Is $29.13 good value? In my view, yes—if you want the payoff of a guided route. You’re not paying for a long, ticket-heavy attraction. You’re paying for:
- a guide who can explain what you’re seeing while you’re walking
- a route that links underground corridors to key landmarks
- a small group format that keeps the experience easy to follow
If you’re comfortable exploring on your own and don’t care about interpretation, it might feel like you could DIY it. But if you want your first PATH experience to be clearer and faster, the guide is the value.
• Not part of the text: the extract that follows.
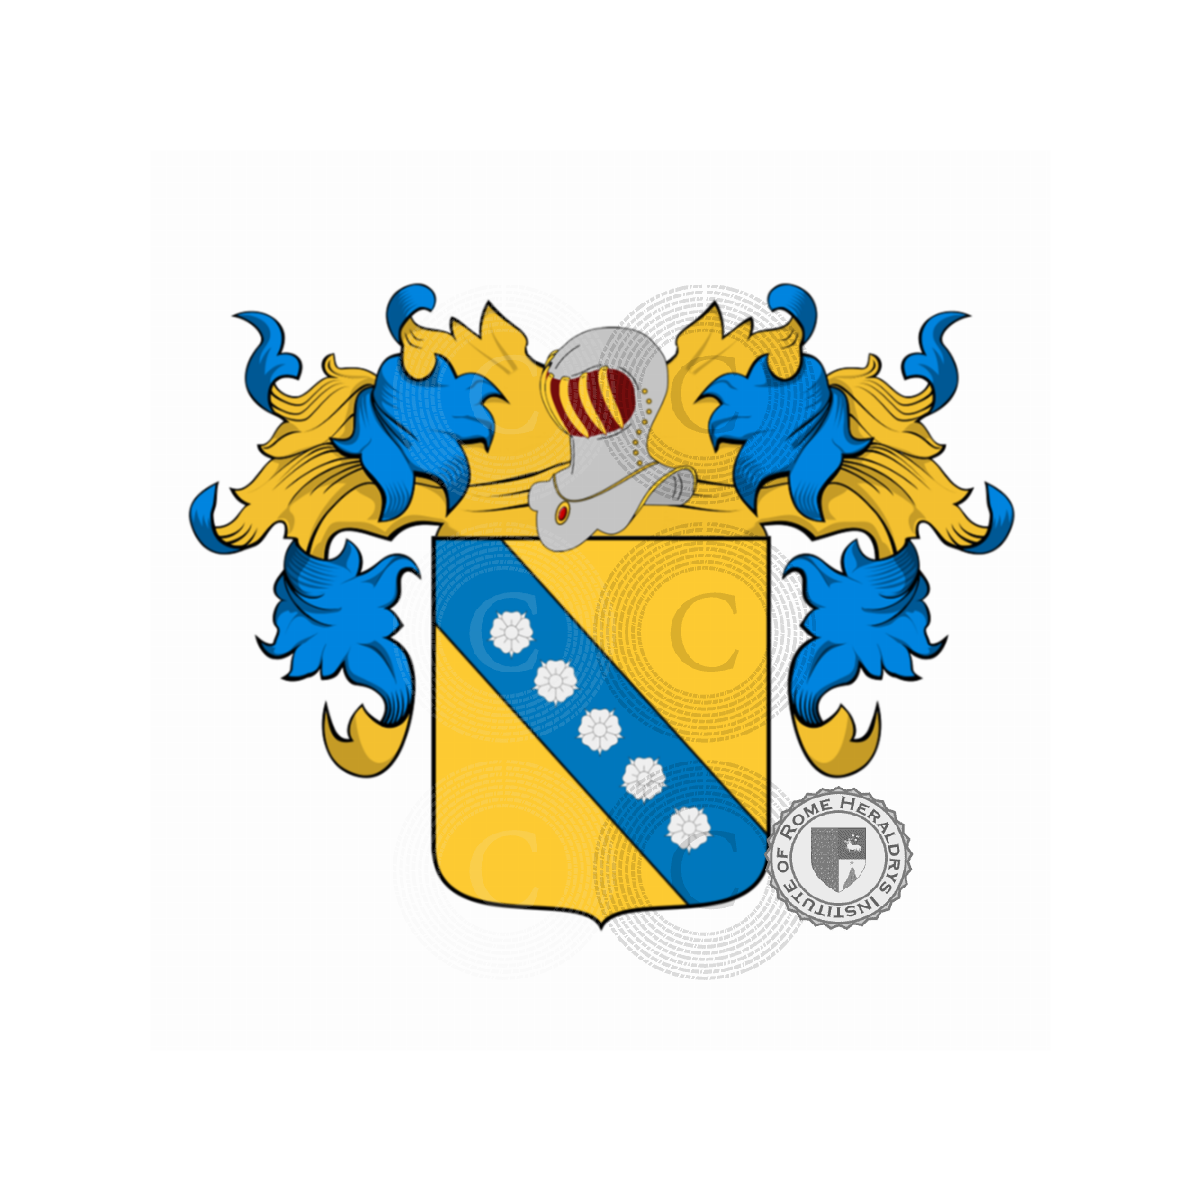 Wappen der FamilieGatti, del gatto,Gatta,Ugatti

Who This Tour Suits Best (and Who Might Skip It)
This tour is a strong fit for:
- winter visitors who want warmth and movement
- business travelers who need a quick orientation to transit and indoor corridors
- leisure travelers who want to see recognizable landmarks without spending hours planning routes
It also suits many people, since the tour lists most travelers can participate and it’s capped at 15 travelers, which tends to keep the pace manageable.
You might want to skip or consider something else if:
- you prefer a longer, slower sightseeing style
- you’re uncomfortable with walking for the full duration
- you expect a big food-and-attraction bundle (because food isn’t included)
Practical Tips Before You Go
A few small things can make the difference between a calm walk and a miserable one.
- Wear comfortable shoes. Even “short” underground walking adds up when you’re moving between concourses.
- Bring your phone for the mobile ticket. Don’t count on Wi-Fi in every corridor.
- Arrive a bit early at Union Station. Even if you find it easily, winter crowds and your own coat/bag rhythm can slow you down.
- If you need to eat, do it before or after. The tour doesn’t include food and drink.
Should You Book the Underground Toronto PATH Tour?
I’d book it if your goal is simple: understand the PATH quickly and get connected to major Toronto landmarks without wasting time. The small group cap of 15 travelers, the guide-led orientation, and the winter-friendly underground walking make it a smart choice when you don’t want to experiment alone.
Skip it if you’re hoping for a long deep-dive into a single attraction or if you want stops built around eating and paid admissions beyond what’s already included in the free segments. For most first-time winter visitors, though, this is exactly the kind of short, practical tour that turns a confusing city system into something you can actually use.
FAQ
How long is the Underground Toronto PATH Tour?
The tour is approximately 2 hours.
What is the price per person?
The price is $29.13 per person.
Where does the tour start and end?
It starts at Union Station, 55 Front St W, Toronto, ON M5J 1E6 and ends at Toronto City Hall, 100 Queen St W, Toronto, ON M5H 2N2.
What time does the tour begin?
The start time listed is 11:00 am.
Is food and drink included?
No. Food and drink are not included.
Does the tour include admission fees?
The tour indicates free admission for certain parts, including The PATH Underground City and the Union stop. Other stops are listed without stated admission details.
How big is the group?
The tour has a maximum of 15 travelers and is described as a small-group tour.
Can I cancel for a full refund?
Yes. You can cancel for a full refund if you cancel at least 24 hours before the experience’s start time.